## [Supplied entries]
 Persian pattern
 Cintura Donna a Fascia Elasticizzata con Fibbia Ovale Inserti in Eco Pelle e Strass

---

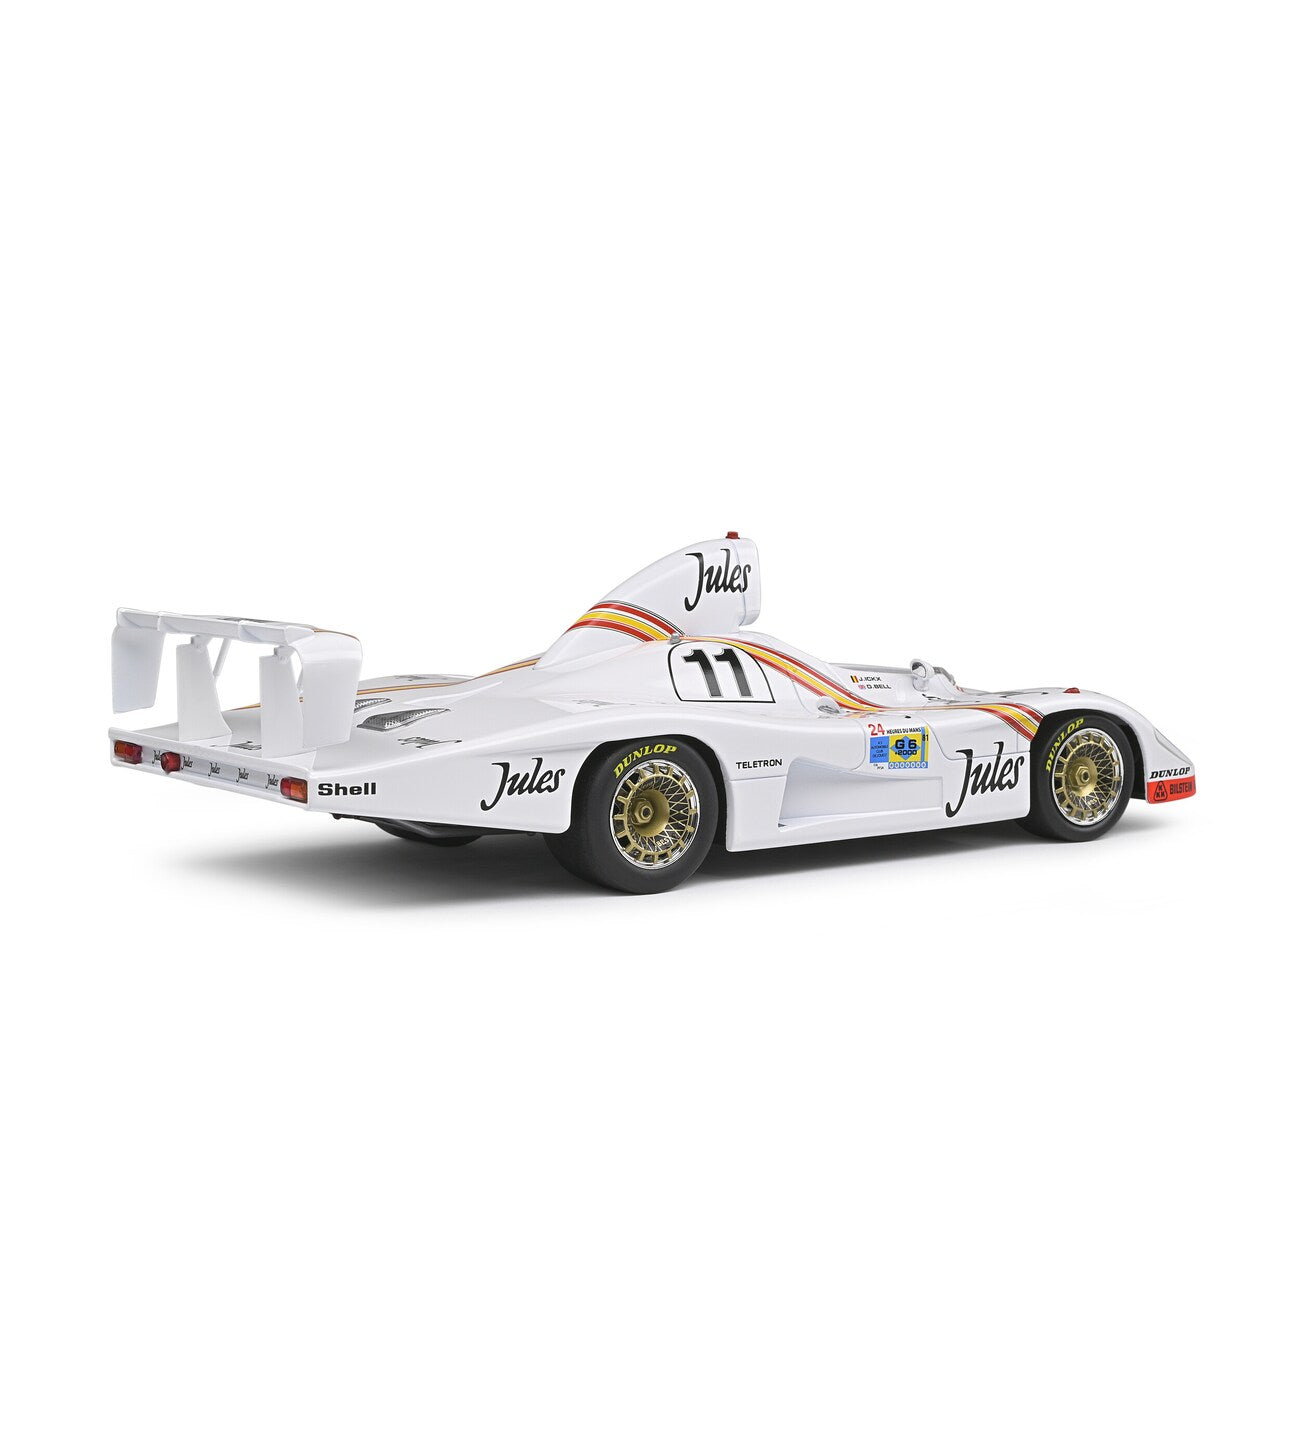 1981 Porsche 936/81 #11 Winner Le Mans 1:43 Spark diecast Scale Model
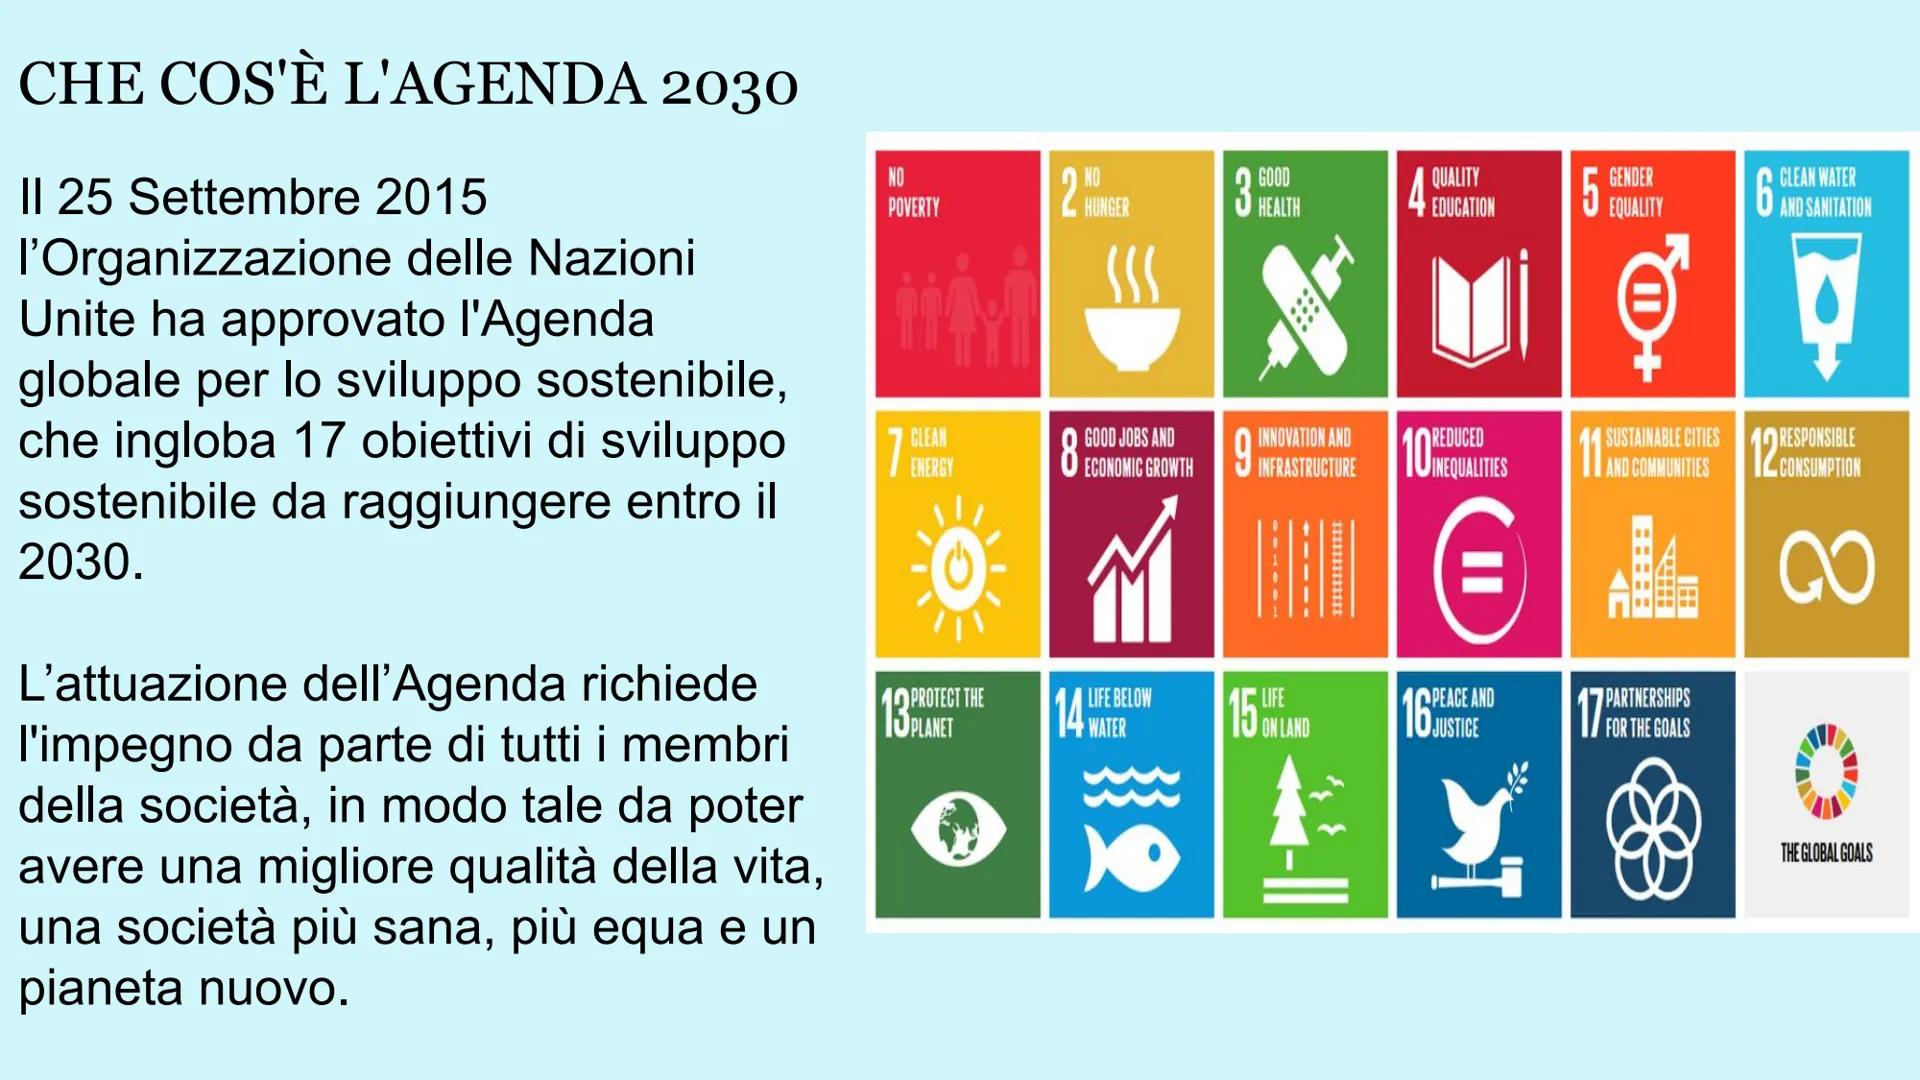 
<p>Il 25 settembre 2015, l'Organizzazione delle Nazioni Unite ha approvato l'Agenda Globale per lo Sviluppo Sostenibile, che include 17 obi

## [Aim of the task]
Look above for the line holding "Persian pattern" and the line holding "Cintura Donna a", then output exactly those two lines and every line between them, nothing more.

## [Worked solution]
 Persian pattern
 Cintura Donna a Fascia Elasticizzata con Fibbia Ovale Inserti in Eco Pelle e Strass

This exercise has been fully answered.